For the vast majority of cases, Linus is correct.  Pre-fetch is a
hardware specific tweak that just doesn't apply across the breadth of
systems Linus has to pay attention to.

In this case, our tunnel-vision is somewhat encouraged by the code and
logic at hand.  The AVX2 and AVX512 code is pretty specific to new,
64-bit, x86_64 platforms that tend to share a lot of cache behavior.
It is not like this will ever run on an Atom or ARM CPU.  Even more
important, the data access patterns are 100% defined by the task at
hand.  With RAID parity calculation, you are basically taking a stroll
through RAM with 100% defined patterns.  This is one case, where you
can pre-fetch memory enough ahead of time so that the hardware
prefetch unit never triggers and you will always be correct.

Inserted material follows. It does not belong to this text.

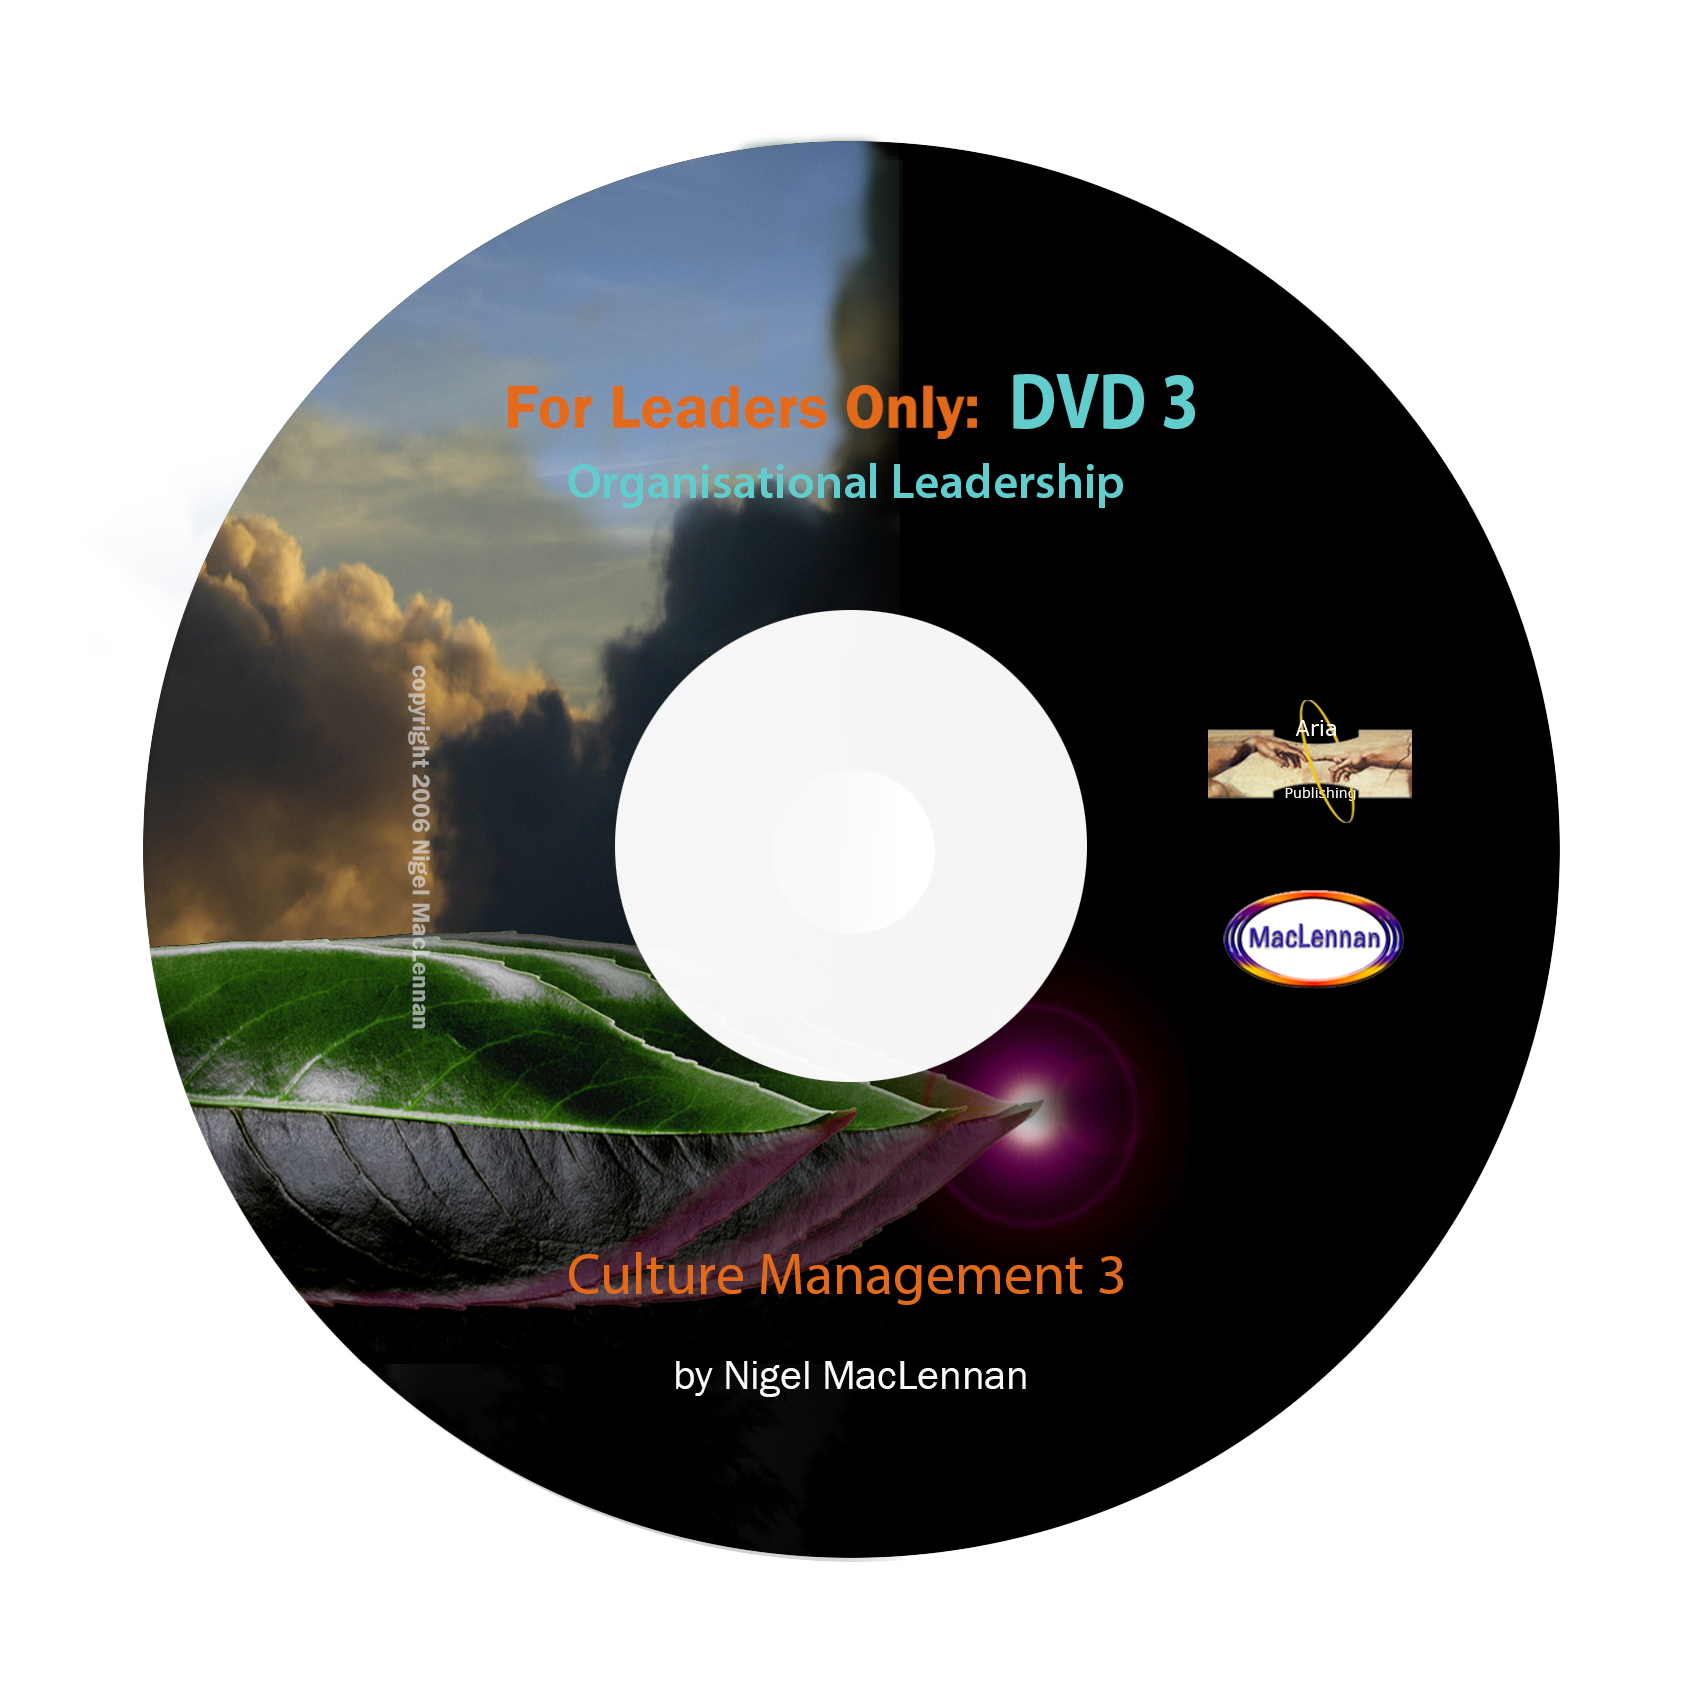 For Leaders Only - Culture Management 3 DVD

I am somewhat surprised you see 10%.  10% on an expensive function
like this is a lot.  Even more amazing is that the AVX2 and AVX512
code look to be memory bandwidth limited.  256 bytes of source reads
in about 30 clocks is about 17 GB/sec, which is faster than a single
RAM channel.  Congrats to Intel for "finding the next bottleneck".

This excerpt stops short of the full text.